- Location in Jackson County
- Coordinates: 38°53′26″N 86°02′49″W﻿ / ﻿38.89056°N 86.04694°W
- Country: United States
- State: Indiana
- County: Jackson

Government
- • Type: Indiana township

Area
- • Total: 63.62 sq mi (164.8 km^{2})
- • Land: 62.72 sq mi (162.4 km^{2})
- • Water: 0.9 sq mi (2.3 km^{2}) 1.41%
- Elevation: 551 ft (168 m)

Population (2020)
- • Total: 5,664
- • Density: 90.31/sq mi (34.87/km^{2})
- GNIS feature ID: 0453143
- Website: brownstowntownshipindiana.com

= Brownstown Township, Jackson County, Indiana =

Brownstown Township is one of twelve townships in Jackson County, Indiana, United States.
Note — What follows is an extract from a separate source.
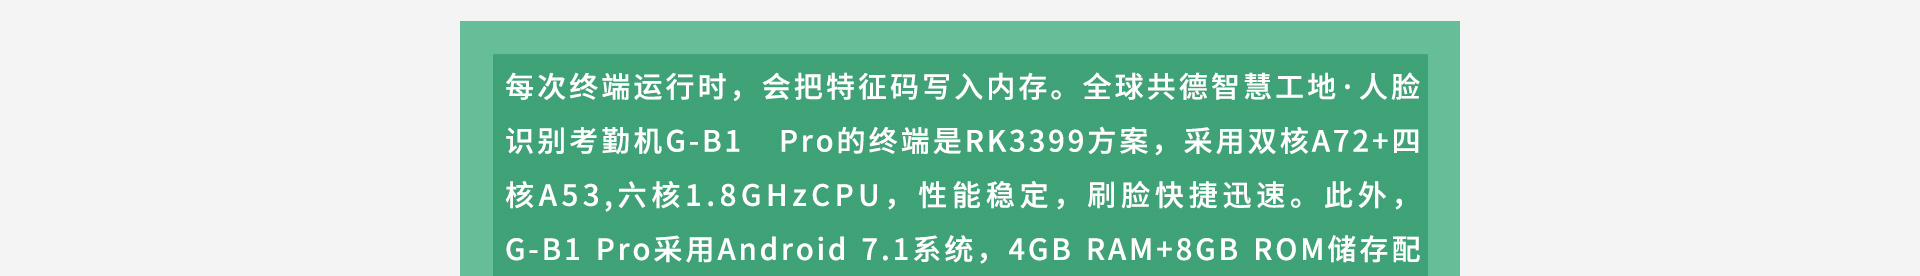 每次终端运行时，会把特征码写入内存。全球共德智慧工地·人脸识别考勤机G-B1 Pro的终端是RK3399方案，采用双核A72+四核A53,六核1.8GHzCPU，性能稳定，刷脸快捷迅速。此外，G-B1 Pro采用Android 7.1系统

At the 2020 census, its population was 5,664 and it contained 2,318 housing units.

Historical population
| Census | Pop. | Note | %± |
| 1890 | 3,306 |  | — |
| 1900 | 3,535 |  | 6.9% |
| 1910 | 3,132 |  | −11.4% |
| 1920 | 3,127 |  | −0.2% |
| 1930 | 3,293 |  | 5.3% |
| 1940 | 3,463 |  | 5.2% |
| 1950 | 3,620 |  | 4.5% |
| 1960 | 3,776 |  | 4.3% |
| 1970 | 4,134 |  | 9.5% |
| 1980 | 4,650 |  | 12.5% |
| 1990 | 4,963 |  | 6.7% |
| 2000 | 5,301 |  | 6.8% |
| 2010 | 5,552 |  | 4.7% |
| 2020 | 5,664 |  | 2.0% |
Source: US Decennial Census

==History==
Brownstown Township was organized in 1817, and took its name from Brownstown, the county seat. Shields' Mill Covered Bridge was listed on the National Register of Historic Places in 2016.

==Geography==
According to the 2010 census, the township has a total area of 63.62 sqmi, of which 62.72 sqmi (or 98.59%) is land and 0.9 sqmi (or 1.41%) is water. The streams of Ballard Creek, Hough Creek, Kiper Creek, Spray Creek, West Branch White Creek and White Creek run through this township.

===Cities and towns===
- Brownstown (the county seat)

===Unincorporated towns===
- Ewing
- New Elizabethtown
- Vallonia (part)

===Adjacent townships===
- Hamilton Township (northeast)
- Jackson Township (east)
- Washington Township (east)
- Grassy Fork Township (southeast)
- Carr Township (southwest)
- Driftwood Township (southwest)
- Owen Township (west)
- Pershing Township (northwest)

===Cemeteries===
The township contains ten cemeteries: Burrell, Durland, First German Presbyterian, Miller, Robertson, Saint Pauls, Smallwood, Wayman, Weathers and Woodmansee.

===Major highways===
- U.S. Route 50
- State Road 39
- State Road 135
- State Road 250

==Education==
Brownstown Township residents may obtain a free library card from the Brownstown Public Library in Downtown Brownstown.